Intro to Epidemiology Study Types

Virtual Library: Medicine and Health: Epidemiology

EPIDEMIOLOGY - WORLD HEALTH ORGANIZATION

EPI1-

Empowering people

In an equal rights society, every citizen ought to be empowered to take part in decisions affecting her or his health and, through democratic processes, in deliberations concerning the health of the population. This can come about through information, conditioning, or education. There are innumerable sources of information: newspapers, magazines, books, television, and, most prominently, the Internet. There are close to 100,000 sites on the Web dealing with health matters and a major issue is the accuracy of the information. Studies are being done to measure the risk of encountering inaccurate sources, and private and public accreditation systems are being developed.

Almost everybody with access to the Web searches it occasionally or regularly on health, usually in relation to actual or possible health problems. Texts found for this reason or for curiosity or cultural interest need to be interpreted in the light of two considerations. First, most descriptions are inherently probabilistic, based as they must be on risks and rates of success of a preventive measure or of a treatment, or rates and risks of harm from side effects of a drug, from an unhealthy food, or from smoking marijuana, say.
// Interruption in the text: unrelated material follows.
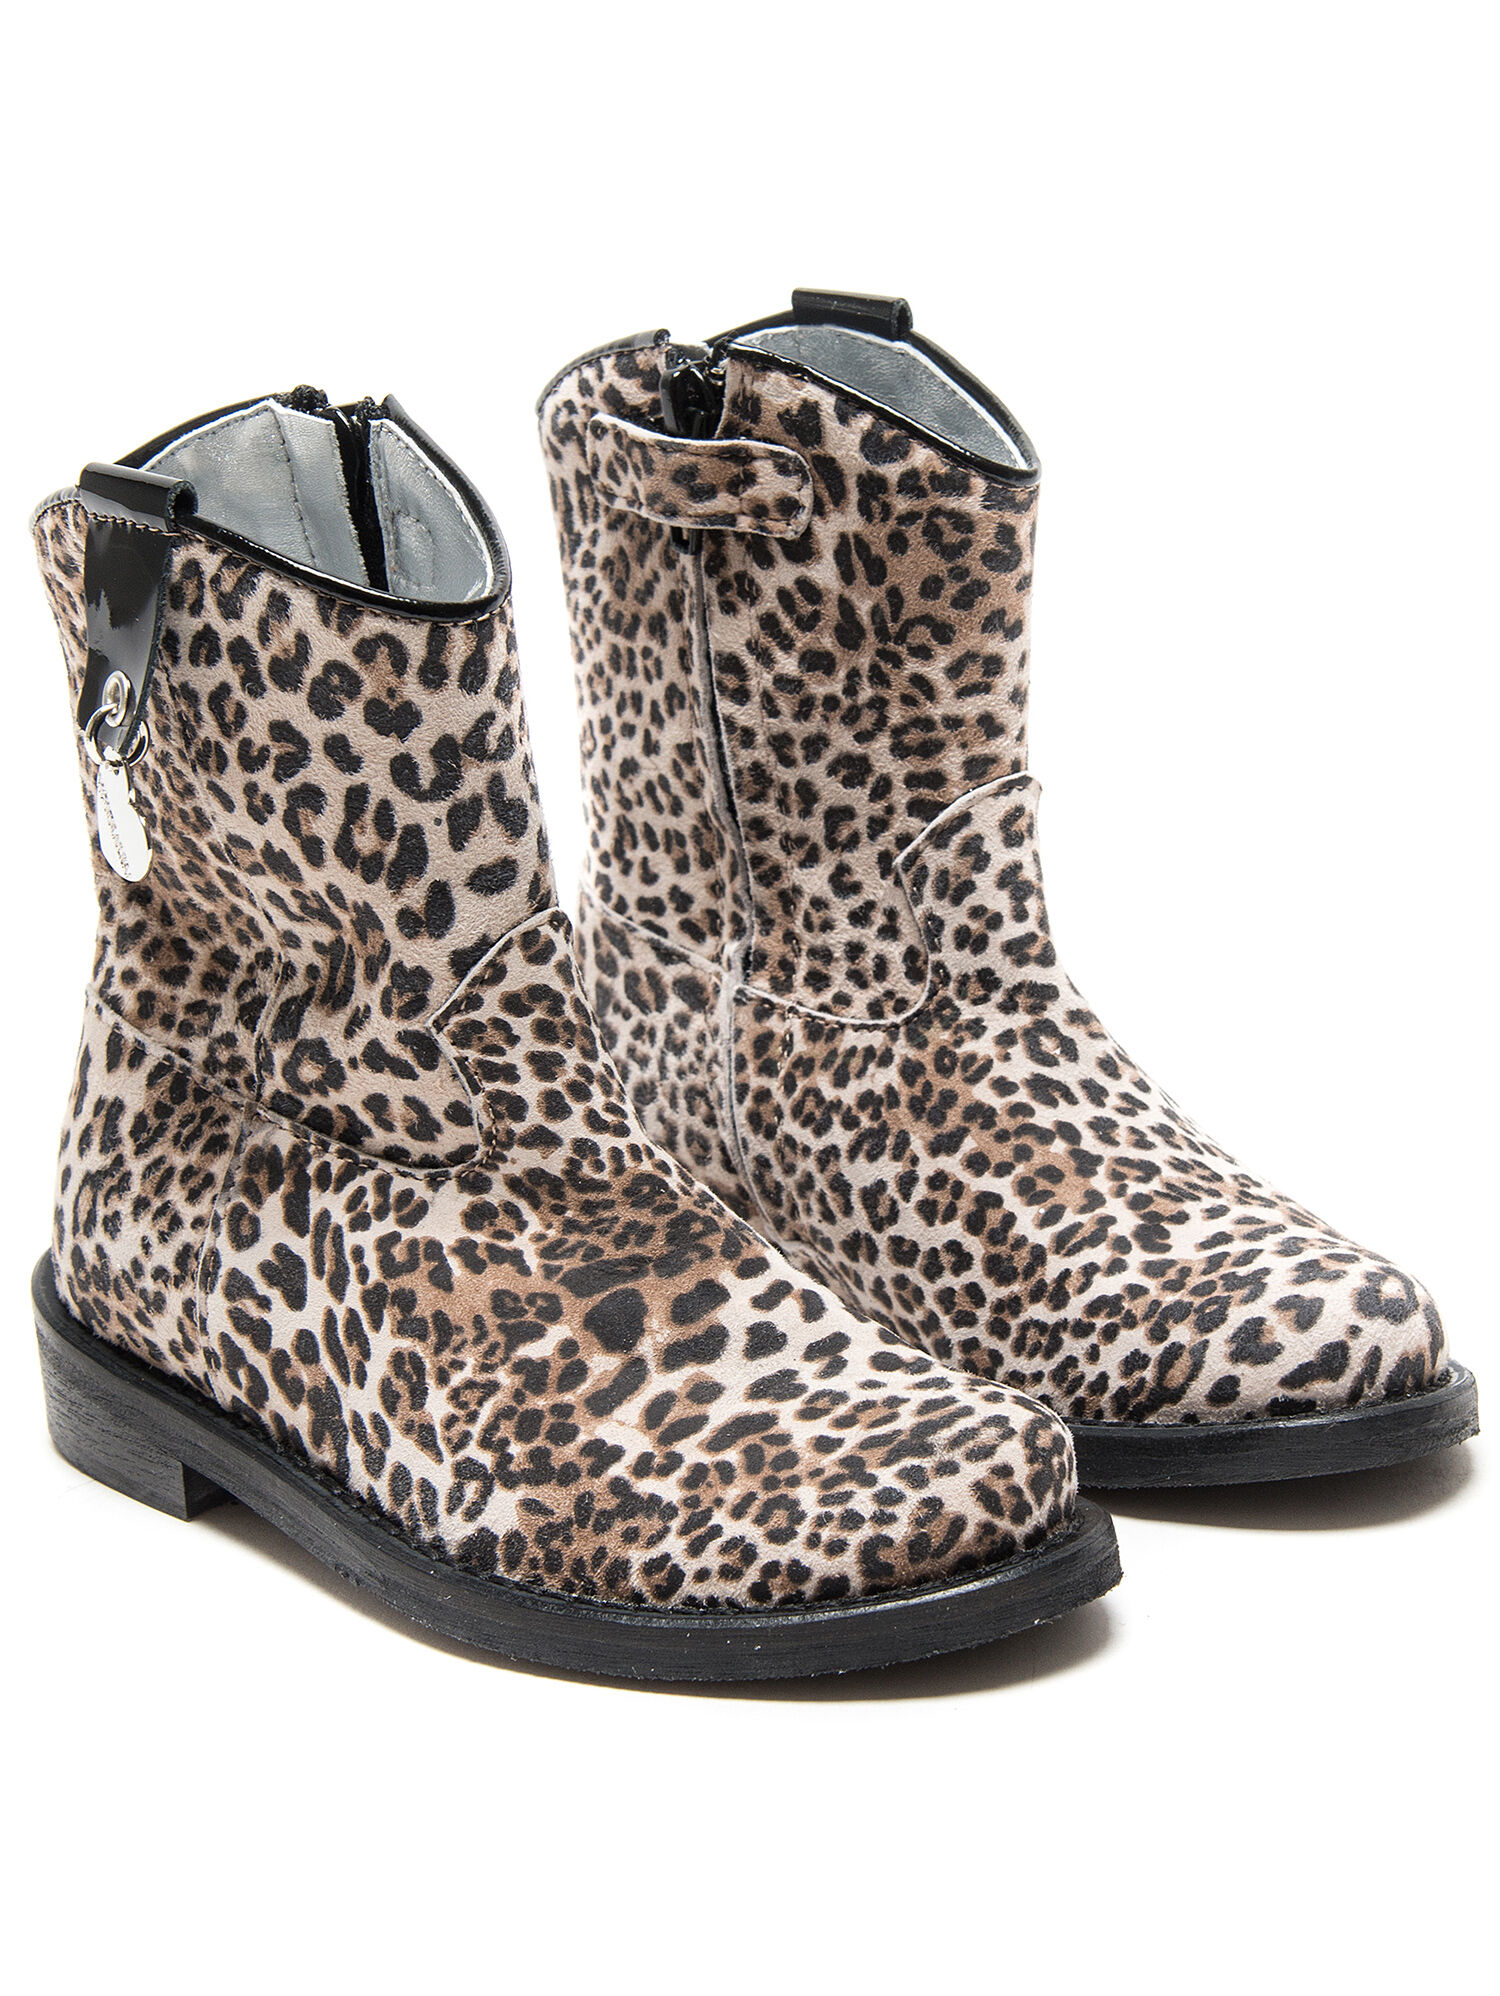 cowboy boots leopard print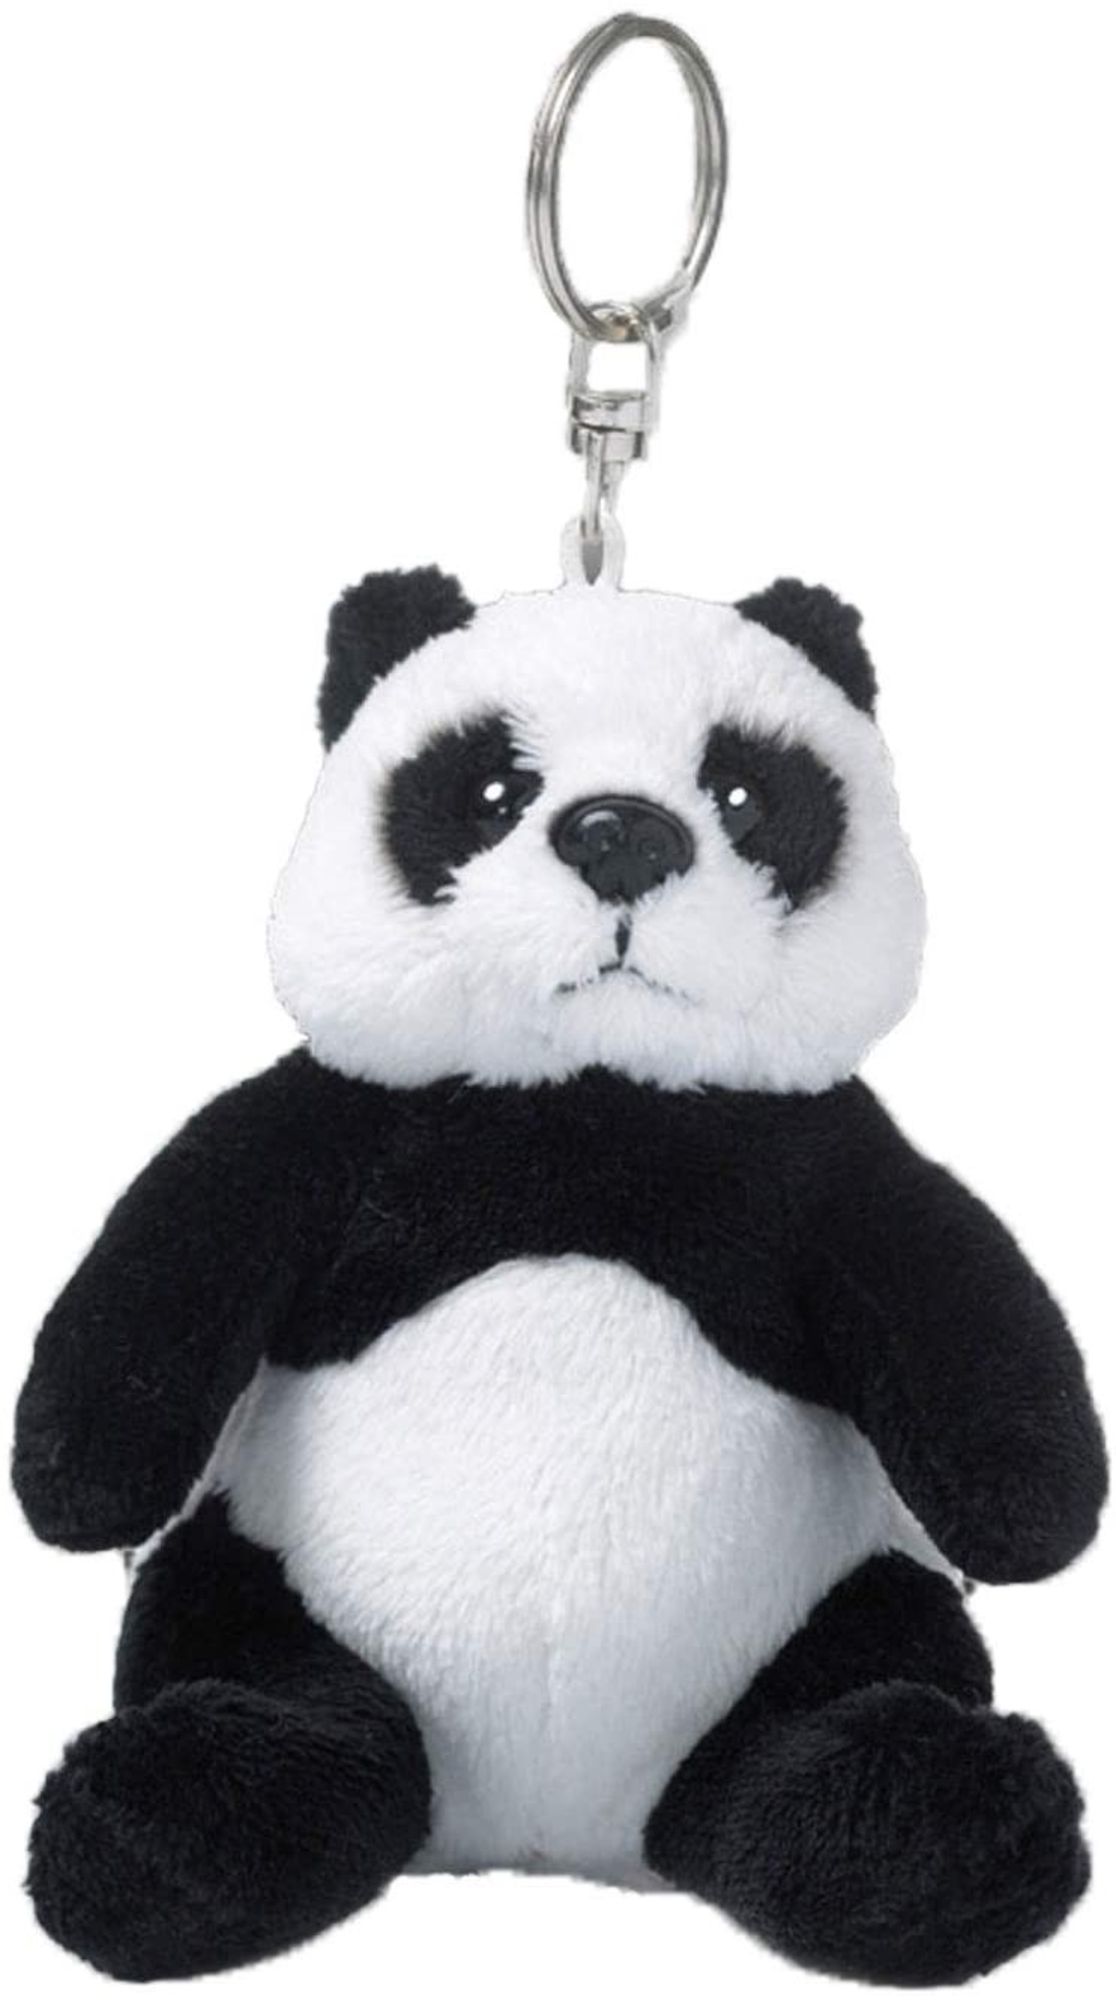 WWF Panda Necklace | Panda Stuff

Second, the presentation is usually influenced by who is providing the information and for what declared or implicit purpose. It may be impartial and strictly to the point or framed in a wider educational context (as the guidance for the wider public of the National Institute for Health and Clinical Excellence in the UK), or it may instead lean towards propaganda to condition people to buy and use some product often by heightening worries about health.

There are, however, some rules of thumb that may be usefully applied to screen health information from Web searches or in the media:

• Trust new findings only if replicated. Frequently repeated claims such as, for instance, that a newly identified protein in tomatoes reduces the risk of colon cancer by half, should be treated with great caution, not because the result arises from a flawed study (it could) but, as stressed many times in this book, because a causal link can only be established through replicated, separate, and concordant investigations. Replicated investigations means several different studies, not the result of the same study echoed with various delays by several different media.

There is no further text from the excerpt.